At times I would engage my live well pump, which appeared as if I had forgotten to install the drain plug. This would initiate the "ignorant syndrome," and I was pretty much left alone from this point.
Another method was to have odd and inappropriate fishing gear on board. Fishing rods that didn't fit the bill and outrageous lures of dramatic colors and sizes sitting in rod holders for all to see. Some of my reels had their lines entangled into a mass of loops and festooned with knots that would cause the best of net makers to swear off the profession.
If the event was held at a landing, I displayed a posture of total oblivion when backing, emphasized more when launching and retrieving my boat. This pretty much assured that I had the entire landing to myself to come and go as I pleased and at my leisure.

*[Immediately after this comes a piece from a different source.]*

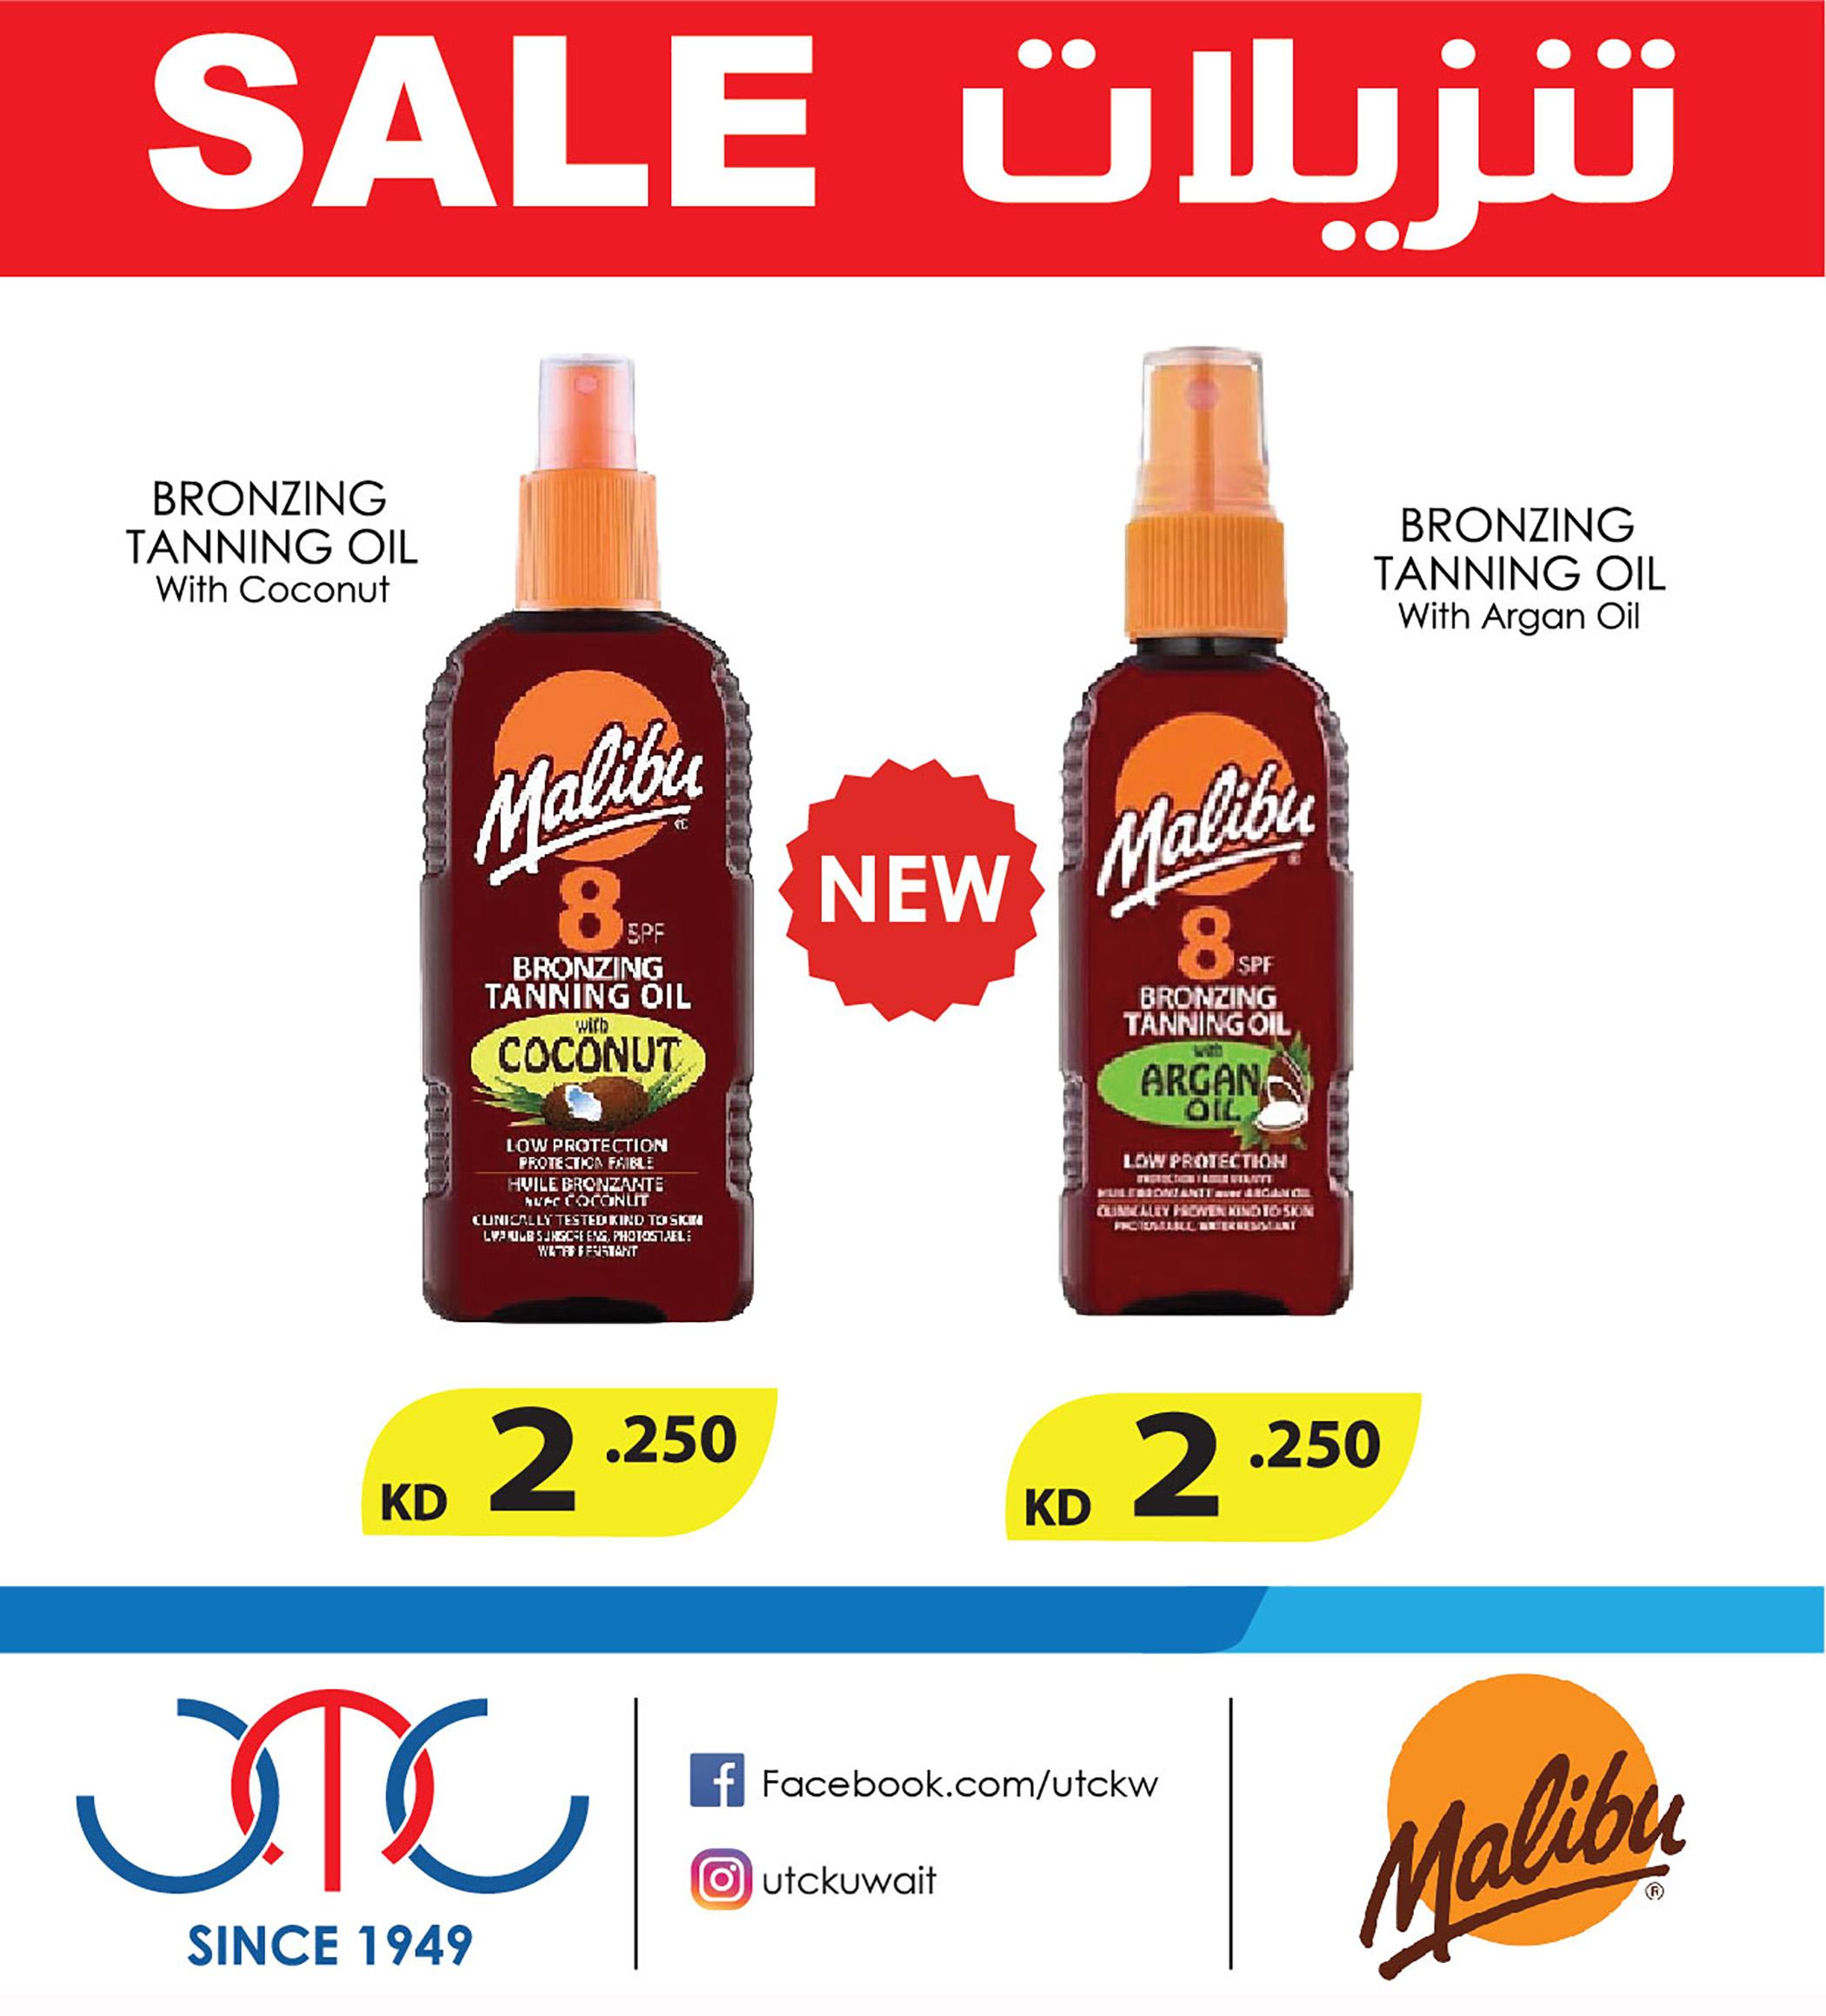 Flylite - Malibu Oil

While many had sponsor and patch master logos of every description on their clothing and boats, I opted for the more obscure. My cap logo was a ruptured duck taken from past military days. Sewn on the back of my shirt was, "It ain't over till the bubbles disappear." Over the front pocket was Big Buddy's Bait and Tackle, and my boat's only logo was "SwampFox." But many failed to read the fine print which stated -- "The best chew in the South."
My attire sometimes may have offended and my attitude was often abrasive, but it was all part of the game. And I must admit I fared pretty well.
As competitors came to know me on the circuit and I graduated to larger and more sophisticated events, my tactics had to evolve as well. But I doubt anyone can honestly say they knew what to expect from me.
And quite frankly, at times, neither did I.